Does the degree of impairment resulting from the injury to the claimant alleged in the claim satisfy the threshold level?
On 15 October 2012, the Medical Panel answered the medical question by way of the following determination under s 28LZG(2)(a) of the Act (‘Determination’):
The Panel determined that the degree of psychiatric impairment resulting from the psychiatric injury alleged in the claim does not satisfy the threshold level.
In deciding whether the Injury satisfied the threshold level, the Medical Panel considered and disregarded any psychiatric impairment resulting from physical injuries the plaintiff sustained in separate assaults in 2008 and 2009.
The effect of the Determination was that the plaintiff was precluded from pursuing his claim for damages for non-economic loss.
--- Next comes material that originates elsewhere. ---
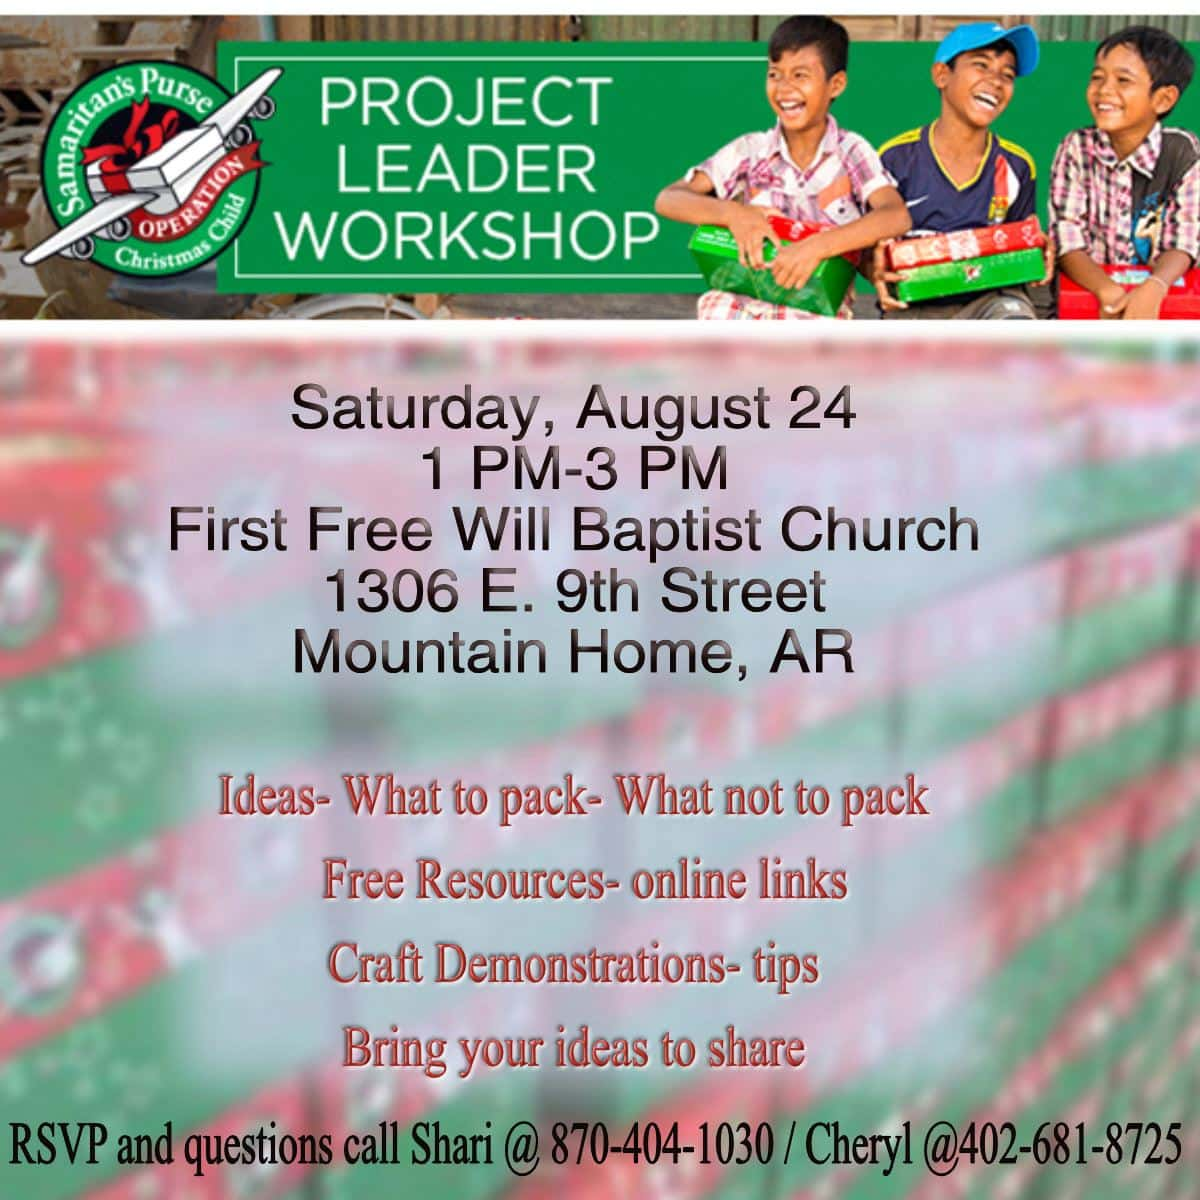 Operation Christmas Child 2019 Dates.Operation Christmas Child Project Leader Workshop Ktlo Llc
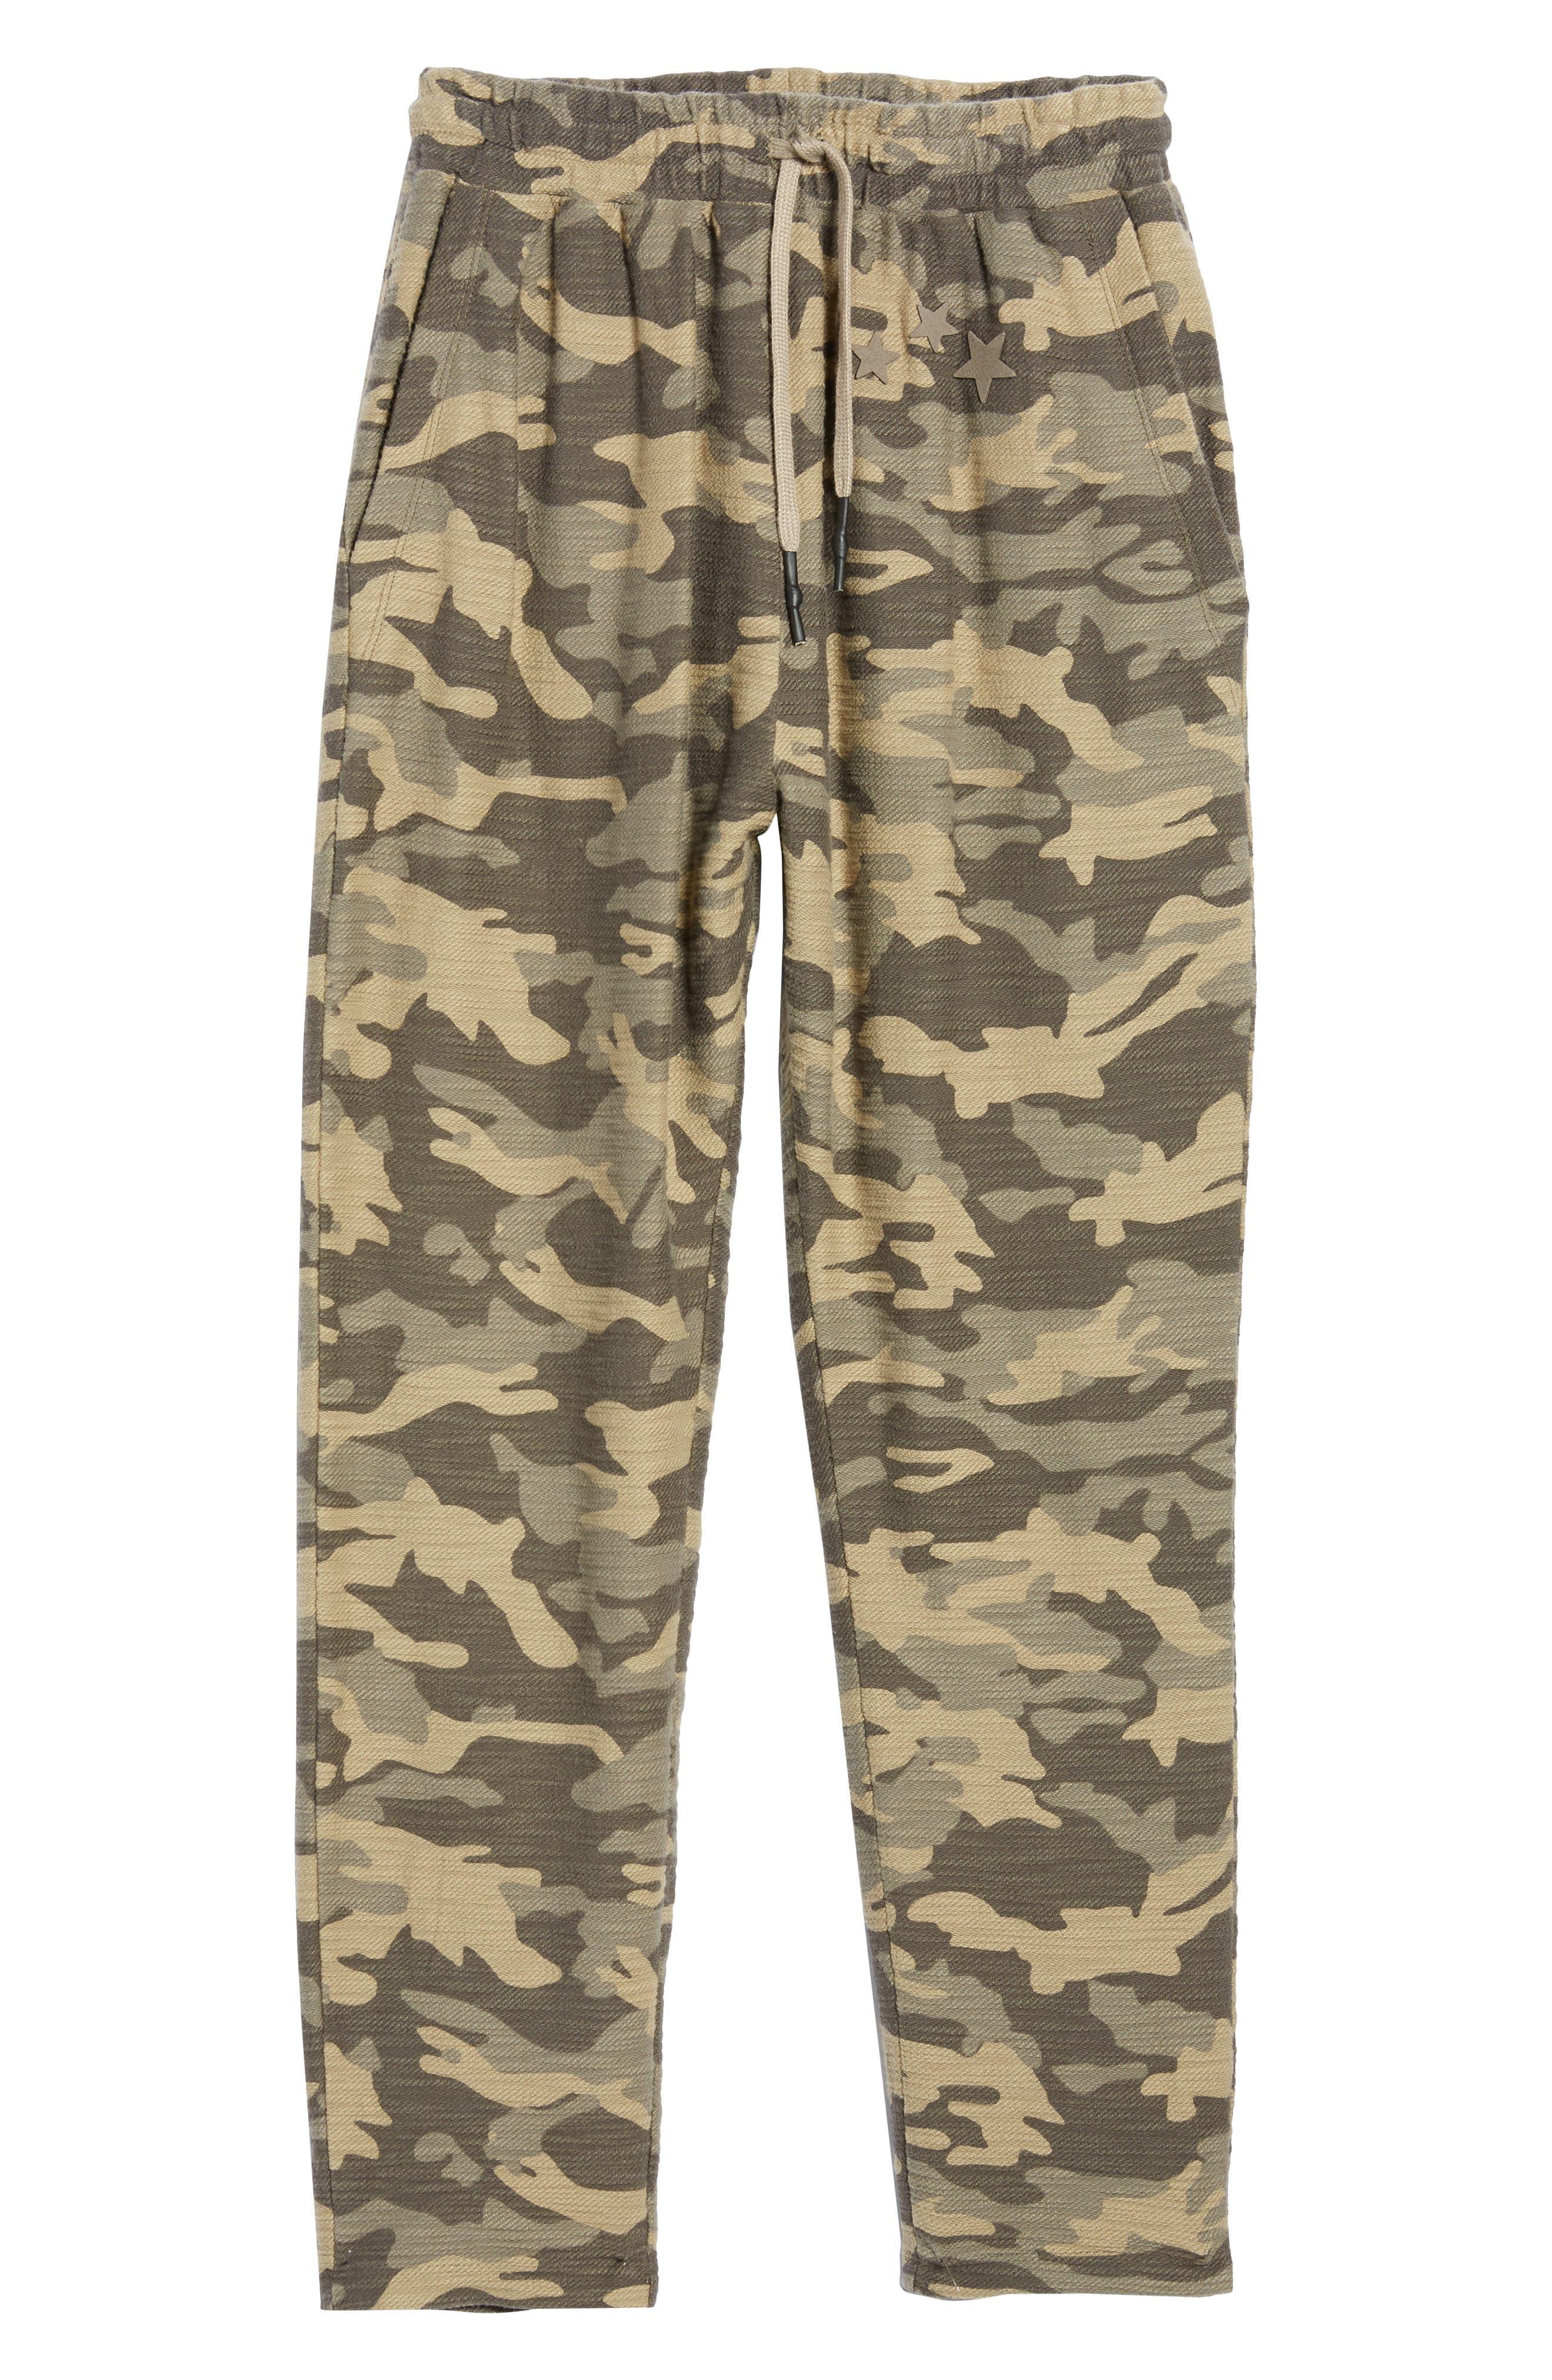 Camo Fleece Sweatpants,                             Alternate thumbnail 6, color,                             300

The plaintiff has commenced this proceeding against the State defendants and the Medical Panel as the fifth defendant, seeking judicial review of the Determination under O 56 of the Supreme Court (General Civil Procedure) Rules 2005. The plaintiff alleges that the Medical Panel misconstrued the Act, failed to take into account relevant considerations and made findings in the absence of any evidence to support those findings.
The Medical Panel did not participate in the hearing in accordance with R v Australian Broadcasting Tribunal; Ex parte Hardiman.[2]
[2](1980) 144 CLR 13, 35–6.
For the reasons that follow, I have concluded that the Medical Panel erred by finding that the 2008 assault resulted in a psychiatric impairment when there was no evidence to support this finding. Accordingly, the Determination must be set aside and the medical question must be redetermined.
Facts
The facts set out at [12] to [30] below are based on documents that were provided to the Medical Panel.
After the plaintiff completed his secondary education in Victoria, he moved to the Gold Coast and enrolled in a course at Griffith University.
In December 2008, the plaintiff was evicted from the Cocktails and Dreams Nightclub in Surfers Paradise (‘Nightclub’) by a bouncer, resulting in a fractured arm (‘2008 incident’).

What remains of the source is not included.